Начало книги С.П. выдержано в жанре дневниковых записей, вроде бы случайных, но в них, уже на первых страницах, искусно намечены все темы, которые получают развитие в дальнейшем: искусство живописи и автобиография как путь самопознания, армейские зарисовки, Клинцы, родня, Нью-Йорк, Париж… Техника такого письма, когда тема пульсирует, постепенно расширяясь и углубляясь, когда она обрастает новыми подробностями, сродни созданию живописного полотна, которое иногда берет исток в карандашных набросках, а затем – мазок за мазком – заполняется краской и затвердевает. Я умышленно употребляю этот глагол, на первый взгляд, слишком категоричный. Но он уместен, потому что С.П. словно бы пытается затвердить жизнь. Заговорить ее. Спасти. Ведь жизнь имеет обыкновение кончаться.
Не оттого ли особенно явственно это происходит в рассказе “Через мост”, посвященном памяти друга? “…Место, где настигает весть о смерти близкого человека, становится твоим. Локоть навсегда запоминает ребро стола…” А далее идет великолепное описание раскладывания и складывания дивана. Не буду цитировать то, что у читателя под рукой, скажу только, что отныне это элементарное действие, бывшее частью повседневной и ускользающей жизни, навсегда впечатлено в мир. Утверждено. Вы спросите – зачем? “Ты спросишь, кто велит…”? Ответ известен: “Всесильный бог деталей, / всесильный бог любви…” Но в данном случае все сложнее. Речь идет не только о воспроизведении подвернувшейся под руку действительности, но и о рационализации движений, с помощью которых человек проживает повседневность. Речь идет об обретении трагического опыта, когда (как здесь, при известии о смерти друга) каждое ваше движение – надеть ли куртку, помыть ли посуду – должно быть сокращено до минимума, поскольку на лишнее движение может просто не хватить сил. И этот минимализм (не только любовь к вещам жизни в условиях, так сказать, смерти) усиливает контрастность и запечатленность картины. “Зная, где находятся вещи, свести количество движений к минимально необходимому”.
А вот и мимолетное подтверждение строгой выстроенности книги С.П.: следующая ее часть называется “Жизнь вещей”.

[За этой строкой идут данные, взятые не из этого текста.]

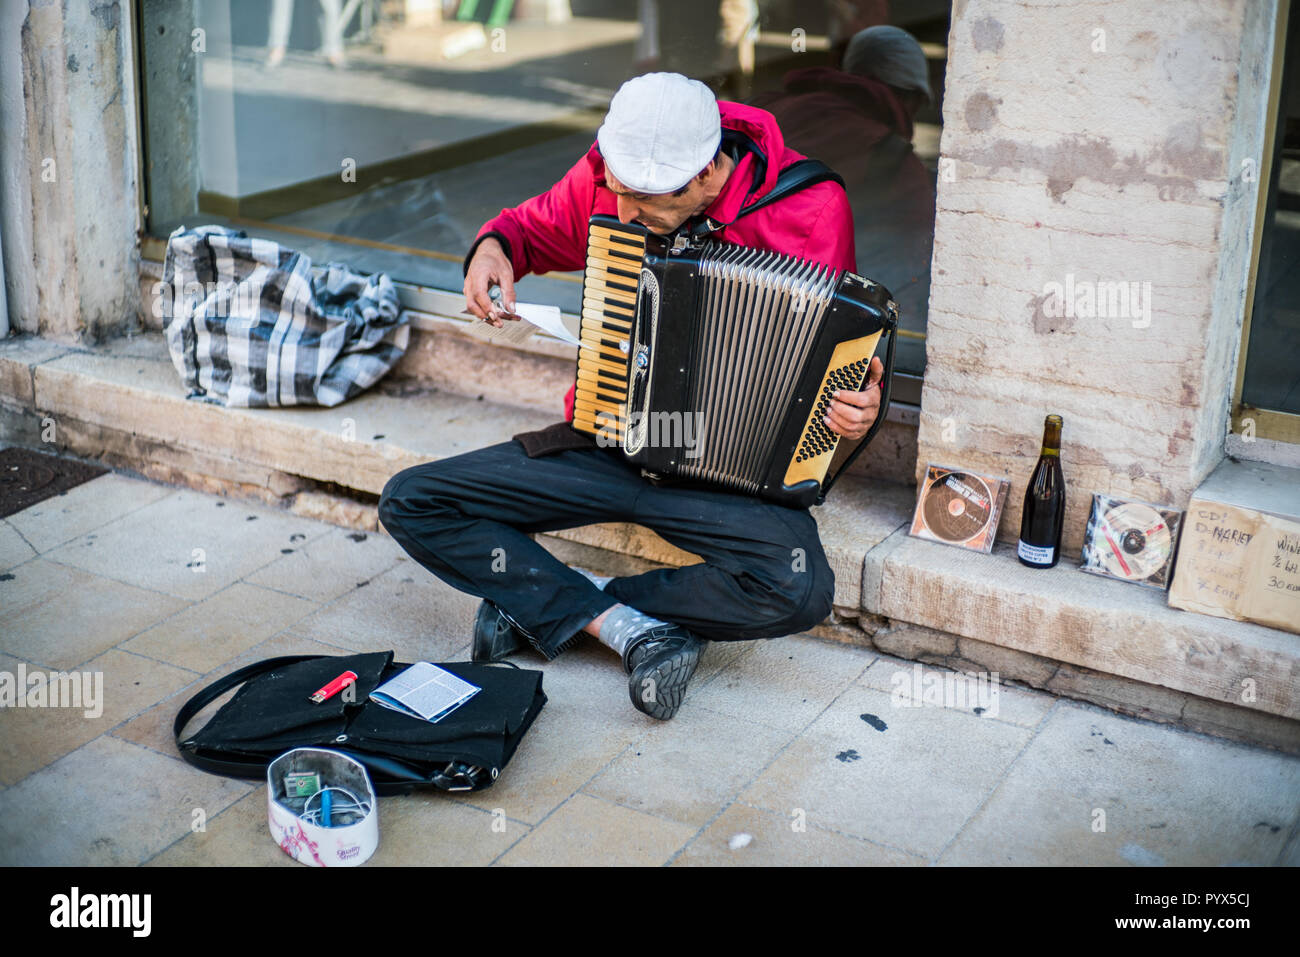 man playing on harmonium, Street market, Beaune, Burgundy, France, Europe. Stock Photo

“Жизнь вещей была длинной. Меняли их редко. Покупка холодильника, телевизора
или дивана становилась событием, о котором долго помнили в семье. Не говоря уже о кроватях. Кровать покупалась раз и навсегда. Умирая, люди оставляли после себя мало вещей. Более пригодные донашивали близкие родственники. Смотря на свет через бабушкину простыню, мама говорила: “Еще послужит””.
Не могу обойтись и без такой цитаты: “По возможности вещь украшала быт, но главной функцией оставалось служение. Даты покупок или потерь становились в один ряд с самыми значительными событиями. “Фанечка вышла замуж в тот год, когда мы купили холодильник, помнишь?””.
Вероятно, следовало бы сказать о литературных собратьях С.П. Оставляю эту работу критикам, им сподручнее. Упомяну лишь Бруно Шульца, великого польского прозаика и художника, воспевшего свой родной Дрогобыч. Уверен, что С.П. мог бы сказать о Клинцах то же, что сказал Шульц о Дрогобыче: “Этот край и этот город замкнулись, как створки раковины, создав самостоятельный мирок, и замерли на пороге вечности”.
Последняя часть книги называется “Время радости”. В ней автор вновь оказывается в городке своего детства. “Я ощущал тепло любви, окутавшее чудесный факт моего рождения, в каждое мгновение моего существования”. Эта любовь и есть залог творческой радости и “воскрешения лиственницы”. Радость воскрешения божественна по определению, и мне всегда казалось, что прекрасное произведение искусства – это своего рода “второе пришествие”, когда однажды явленное возвращается в творении художника и обретает спасение.
Владимир Гандельсман – поэт, прозаик, переводчик. Родился в 1948 году в Ленинграде. Автор нескольких поэтических сборников, публикаций в журналах “Октябрь”, “Знамя”, “Новый мир”, “Звезда”, “Интерпоэзия” и др. Лауреат “Русской премии” (2008). С 1991 года живет в Нью-Йорке.